Sendo assim, é certo que, voltamos ao período Pré-histórico e estamos cercados por uma sociedade machista, pois existem explicações comprovadas sobre o que motiva a ocorrência de um estupro, como: problemas psicológicos, familiares e desvio de caráter. Tudo bem, uma roupa curta pode provocar olhares, desejo e etc, mas será possível que os homens são tão pré-históricos a ponto de não controlarem seus impulsos/instintos?

A Índia está entre os países com a maior incidência de estupro no mundo, assim como diversos países do Oriente Médio e lá as mulheres não usam roupas curtas, a cultuara impõe que elas usem vestimentas que as cubram dos pés à cabeça e que tenham um comportamento tido como exemplar para futuras esposas e mães, nem por isso elas deixam de ser estupradas. Certo que lá a cultura é diferenciada, mas a questão da vestimenta e do comportamento não impede a ocorrência da violência sexual.

Portanto, estilo de roupa e comportamento não motiva a prática de estupro. O que realmente motivam isto são problemas psicológicos, desvio de caráter e falta de educação, vergonha na cara e de cidadania, além, é claro, da cultura machista que está impregnada em nossa sociedade.

E ainda há a discrepância de que 66% dos entrevistados eram mulheres, ou seja, o pensamento machista também se estende para além da ala masculina. Se já não bastasse lutar para reverter essa concepção ultrapassada em relação aos homens, percebe-se pelo resultado da pesquisa que também será necessário mudar a opinião de muitas mulheres que se deixam influência por uma educação patriarcal, estritamente baseada numa hierarquia machista, acabam por carregar isto por toda a vida e consequentemente influenciando gerações seguintes.
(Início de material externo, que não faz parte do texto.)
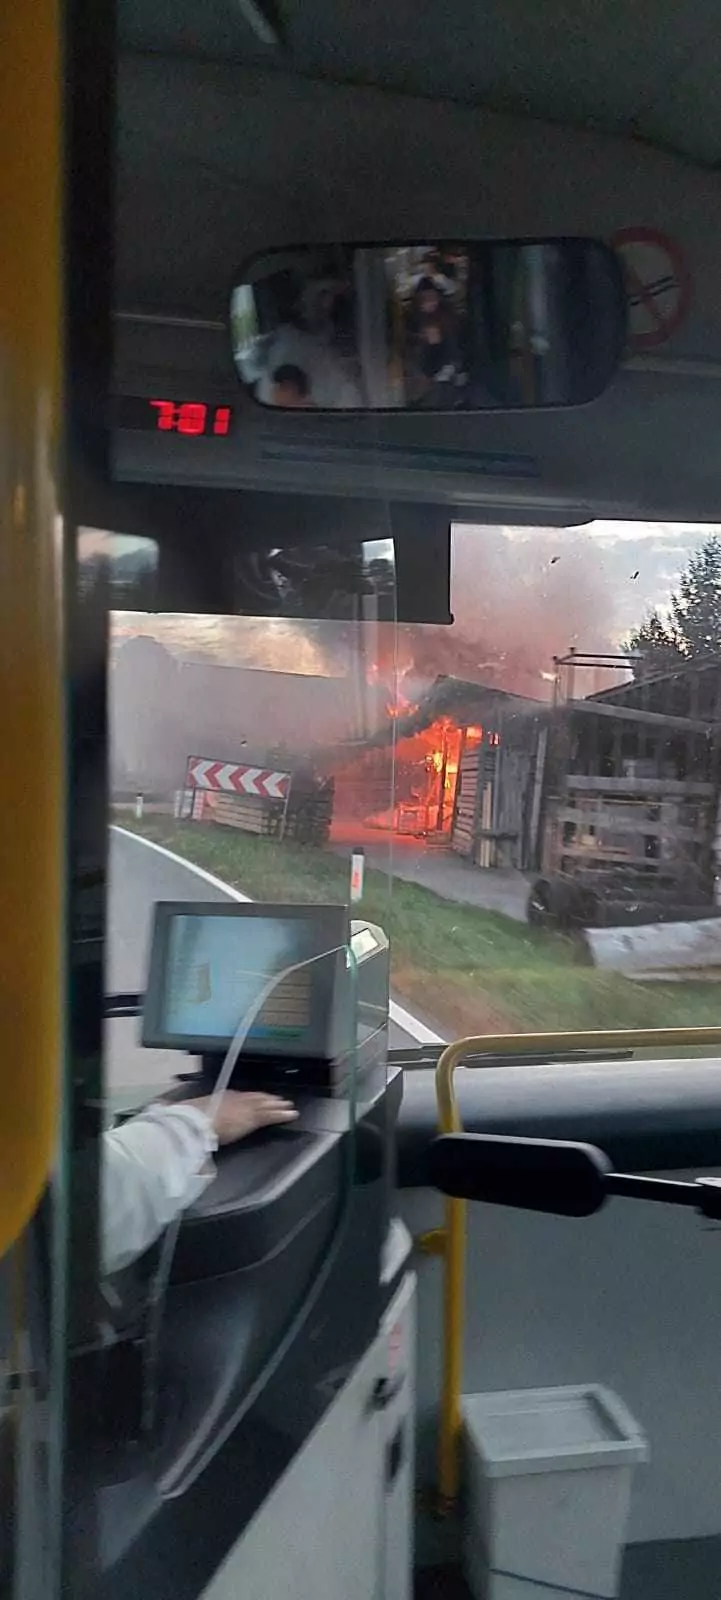 Bild in Artikel von 5min.at: Lagerhallenbrand aus dem Bus zu sehen. Man sieht Feuer und Rauch.

E aí, como nós, mulheres, ficamos diante do resultado antiquado dessa pesquisa?

Vamos abdicar de usar modelos de roupas que gostamos ou mudar nosso comportamento para interferir positivamente no resultado da pesquisa e na concepção “politicamente correta” dos entrevistados? Óbvio que não, temos que levantar nossa bandeira do movimento feminista, somos livres e temos o direito de vestir o que acharmos mais apropriado, seja curto, médio ou longo. Estamos em pleno século XXI, o mundo evoluiu em diversos aspectos e a mulher com muita luta conseguiu seu espaço nos mais diversos setores, períodos como a Pré-história, Idade Antiga, Idade Média e Ditadura Militar ficaram no passado, pelo menos nos livros de História porque na mente de muitos ainda há indícios de concepções que dominavam períodos antigos.

Resultados como esses da pesquisa não leva a pensar que existe um pouco de Pré-história nas atitudes, consciência e no modo de vida da sociedade atual, todavia a mobilização de mais de 45 milhões de adeptos ao movimento "Eu não mereço ser estuprada” comprova que pelo menos uma parte da população ainda mantém o uso do senso crítico baseado nos princípios éticos e morais para seguir construindo um mundo desgarrado de pensamentos machistas, antiquados e preconceituosos.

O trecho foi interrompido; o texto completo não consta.